Le macchine sono strumenti
collettivi in cui chi manovra non è visibile o quasi, il corpo è
cancellato, le articolazioni sono tubi e metallo, le macchine non sono
meccanismi ma estensioni del corpo, ti puoi trovare fuso in un carrello
della spesa con il campo visivo ridotto al minimo, lo spettatore non vede
un attore che recita anzi non riesce nemmeno a capire quante persone siano
impegnate in quel momento. Non pensiamo che sia necessario andare a caccia
di quante parti zoomorfe esistano in un motore ma invece riconoscere di
quante parti meccaniche sia composto un corpo perciò usiamo macchine
elementari come leve, ruote...Macchine elementari sono esseri elementari.
Non serve simulare mutazioni...è un’operazione abbastanza stupida
prendere un trattore e farlo diventare un drago quando una qualunque pala
meccanica è già un drago...
W.:
è un’indagine sull’aspetto neotribale del cyberpunk la vostra i
carrelli di cui parlate sono estensione/alterazione del corpo, sono innesti,
sono comunque parte delle nuove possibilità anche tecnologiche date
al corpo...
S.:
certo ma noi cerchiamo di usare il minimo della tecnologia possibile, un
tubo innocenti innestato nel braccio è già una protesi bionica,
è il minimo dell’impegno meccanico possibile... è soprattutto
lavoro fisico.
ogni
luogo può essere mutato ogni luogo può essere occupato
W.:
due domande che sono una: cos’è il Gioco per Sciatto cos’è
il Drago?...l’aspetto ludico della vostra esperienza.....
S.:
come gioco il nostro è un gioco duro, catartico, cerchiamo di essere
il più pesanti possibile nel gioco che conduciamo....
W.:
il punto è che c’è un mettersi in gioco nelle vostre azioni
che
necessariamente coinvolge
chi guarda, ognuno alla fine è giocatore....
S.:
il gioco che giochiamo è quello di cercare di entrare in contatto
con chi ci è di fronte rompendo ogni possibile staticità,
stabilità dei rapporti...non è un gioco gioioso è
un gioco al massacro, liberatorio in fondo per chiunque partecipi.
W.:
cos’è il Drago?
S.:
è il mutamento, il divenire contro l’immutabilità la repressione...il
gioco del drago è gioco di movimento...
W.:
il gioco del drago, di cui siete stati fra i promotori, è stato
un tentativo di riscrivere in modo ludico la mappa della città...

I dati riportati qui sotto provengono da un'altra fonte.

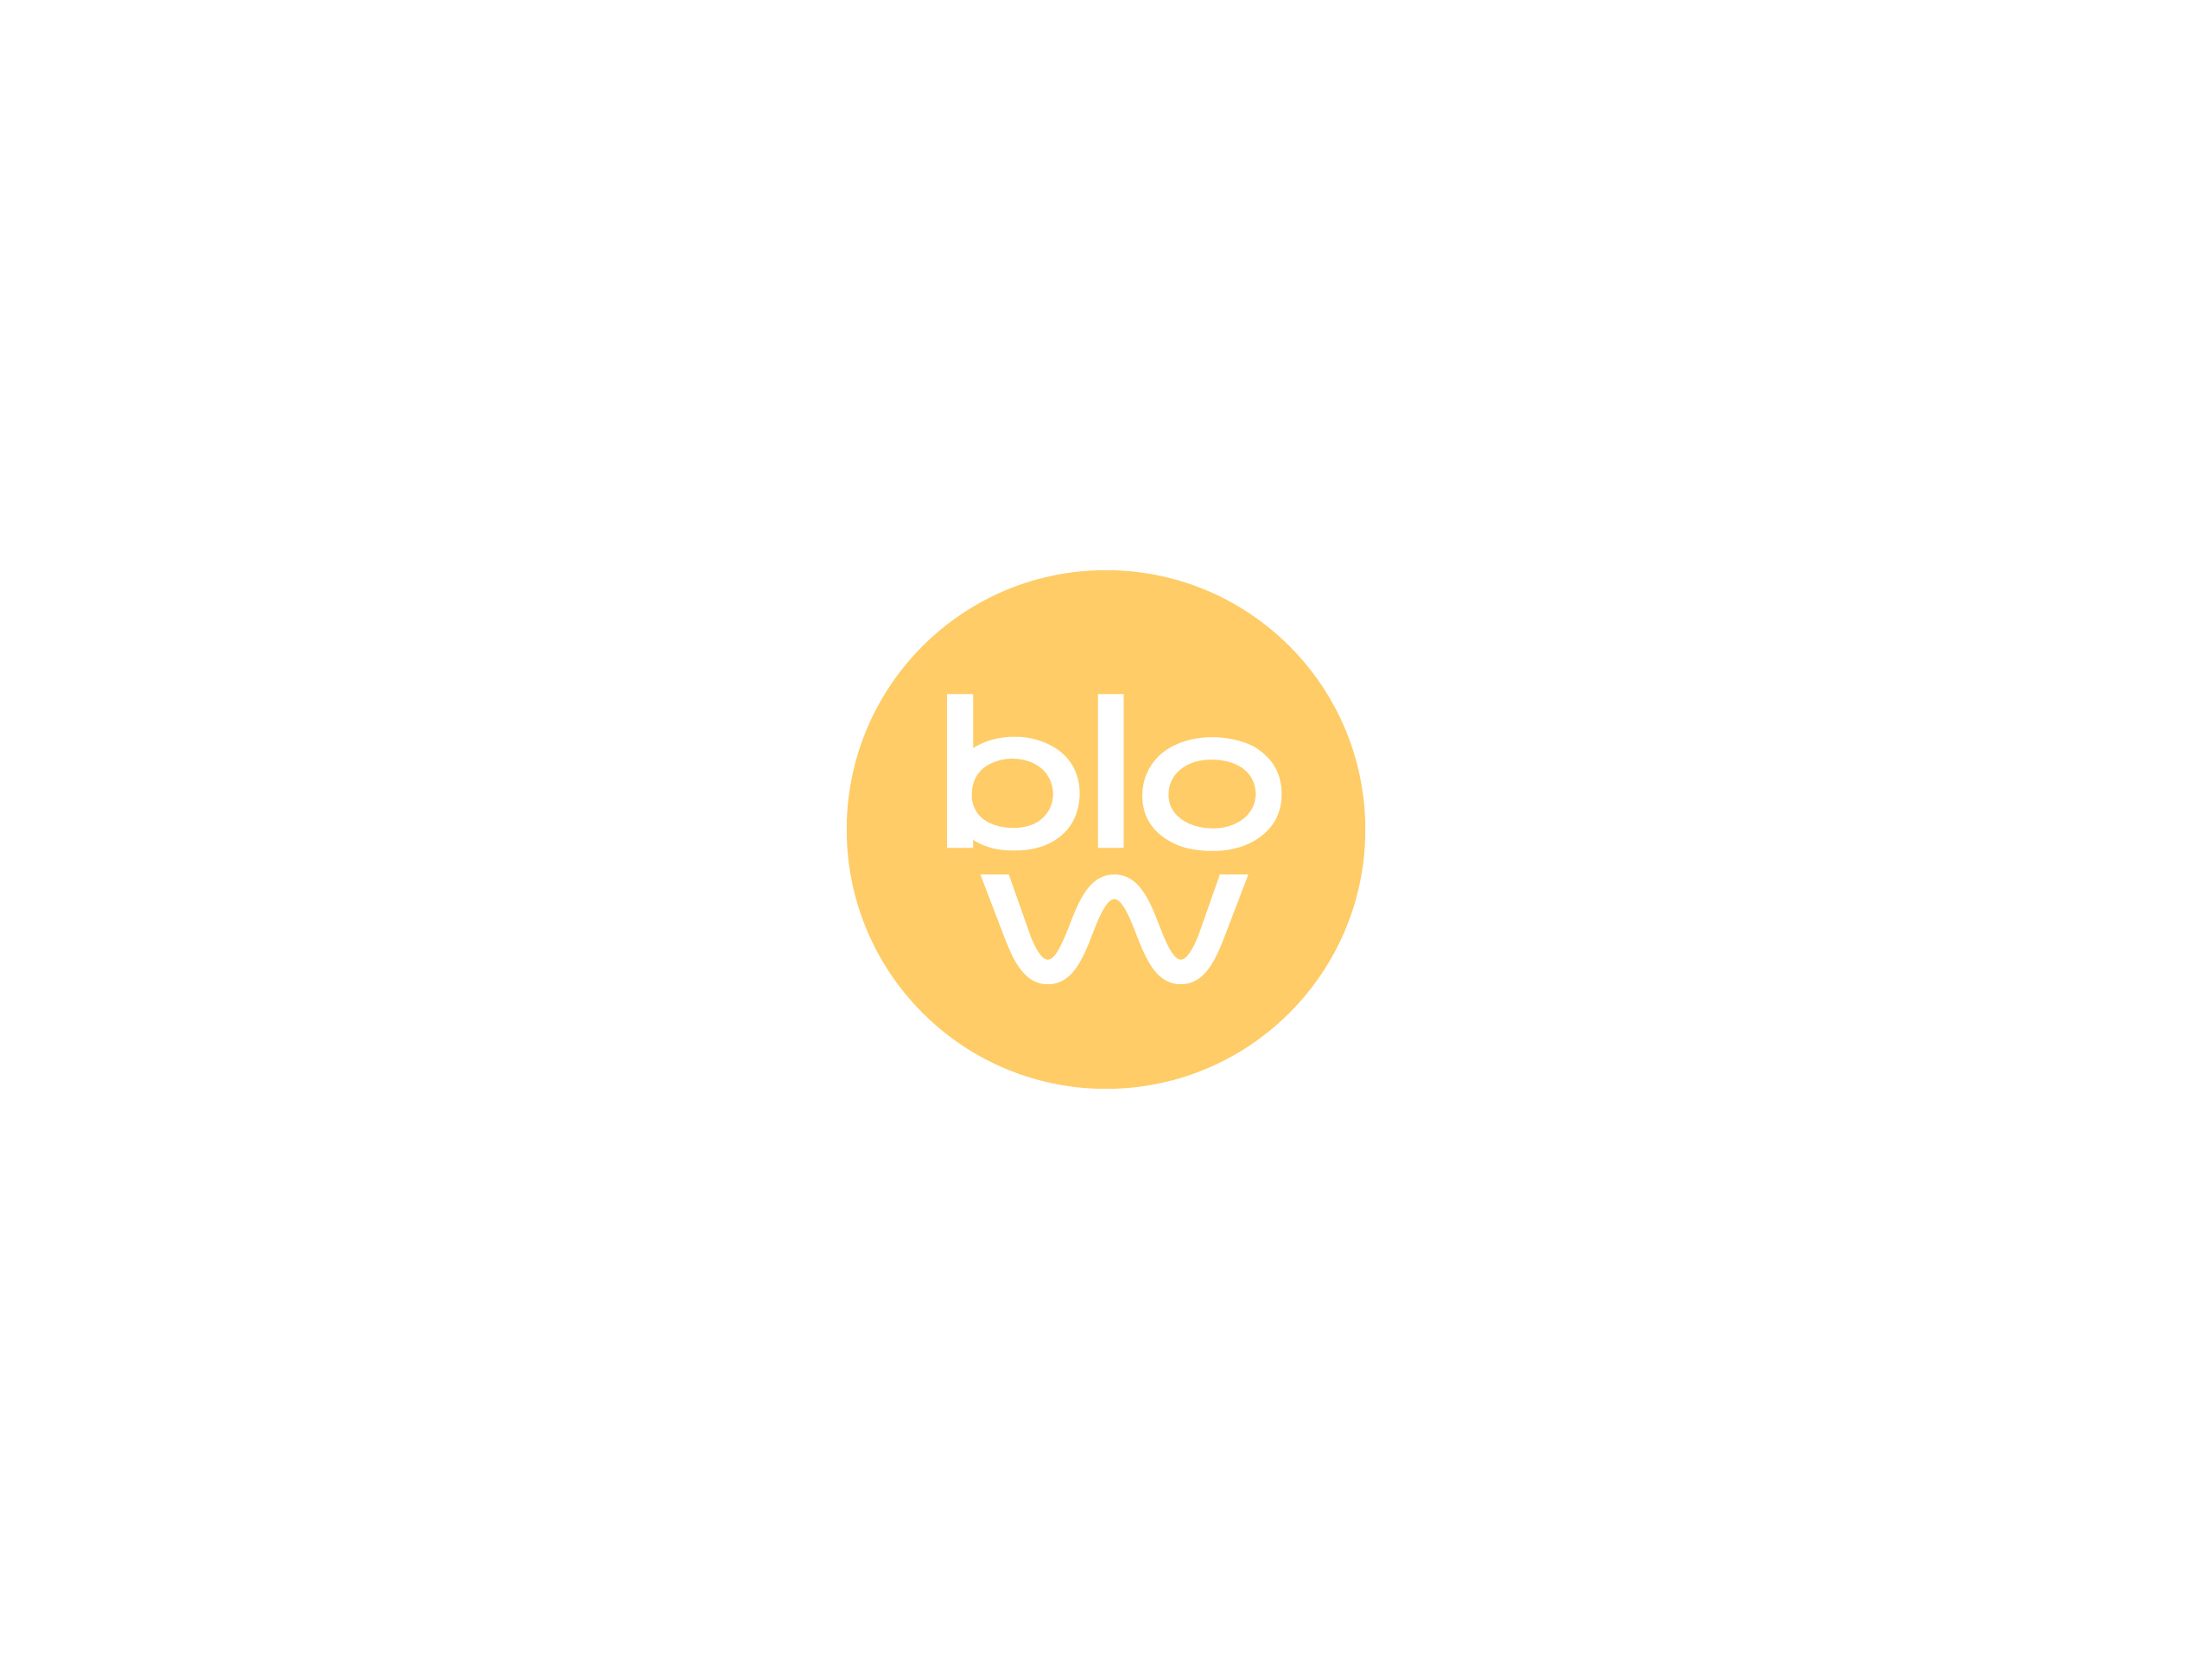 BloBlow Branding

un’altra città che già esiste o che ha bisogno di carpentieri
per essere fondata?
S.:
una città da svelare, una città che per dieci anni ha visto
carpentieri al lavoro ma che ora esiste è forte e popolata di viaggiatori,
di randagi. E’’ questo il prossimo compito dei centri sociali rendere visibile
questa altra città, non c’è più bisogno di fondare
serve rendere questa città fruibile, i centri sociali sono gli unici
luoghi che ti permettono di mettere in atto le tue potenzialità,
ma questo non è sufficiente: solo se ti rendi visibile ti diffondi.
W.:
è la consapevolezza che non c’è il tempo per vedere una città
futura che porta a svelare un’altra dimensione di vita in questa presente,
è una questione di politica sul territorio dei centri sociali....
S.:
non si tratta di costruire fortini, avamposti nella città ma di
costruire una diversa coscienza di vita nella metropoli.
W.:
è il movimento, il nomadismo dei suoi abitanti
che alla fine costituisce
ed edifica l’altra città, ma allora come percorrere la metropoli
che come dice Mike Davis è già oltre Blade Runner, di quali
armi impossessarsi, secondo quali vie di fuga è possibile evitare
il modello imposto?
S.:
la linea di fuga che Sciatto indica sta certamente nel suggerire che i
luoghi della città, tutti i luoghi della città possono mutare
stato di conoscenza, possono essere continuamente modificati con armi elementari,
rudimentali, una occupazione è una mutazione e ogni mutamento un’arma....
W.:
linea di fuga certo, per dirla con Deleuze e Guattarì fuga significa
non fare mai il punto, non fermarsi mai... ultima cosa: Sciatto disegnerà
la mappa di queste altre città?
S.:
sicuramente agendo su alcuni luoghi di Roma stiamo costruendo una mappa
virtuale della città intervenire su più punti della città,
sui margini, senza darne mai uno come preferenziale è tracciare
una mappa, indicare strade da percorrere non luoghi in cui restare stabilmente:
non abbiamo mai costruito nulla perché restasse nello spazio o nella
memoria, ogni luogo può essere mutato ogni luogo può essere
occupato.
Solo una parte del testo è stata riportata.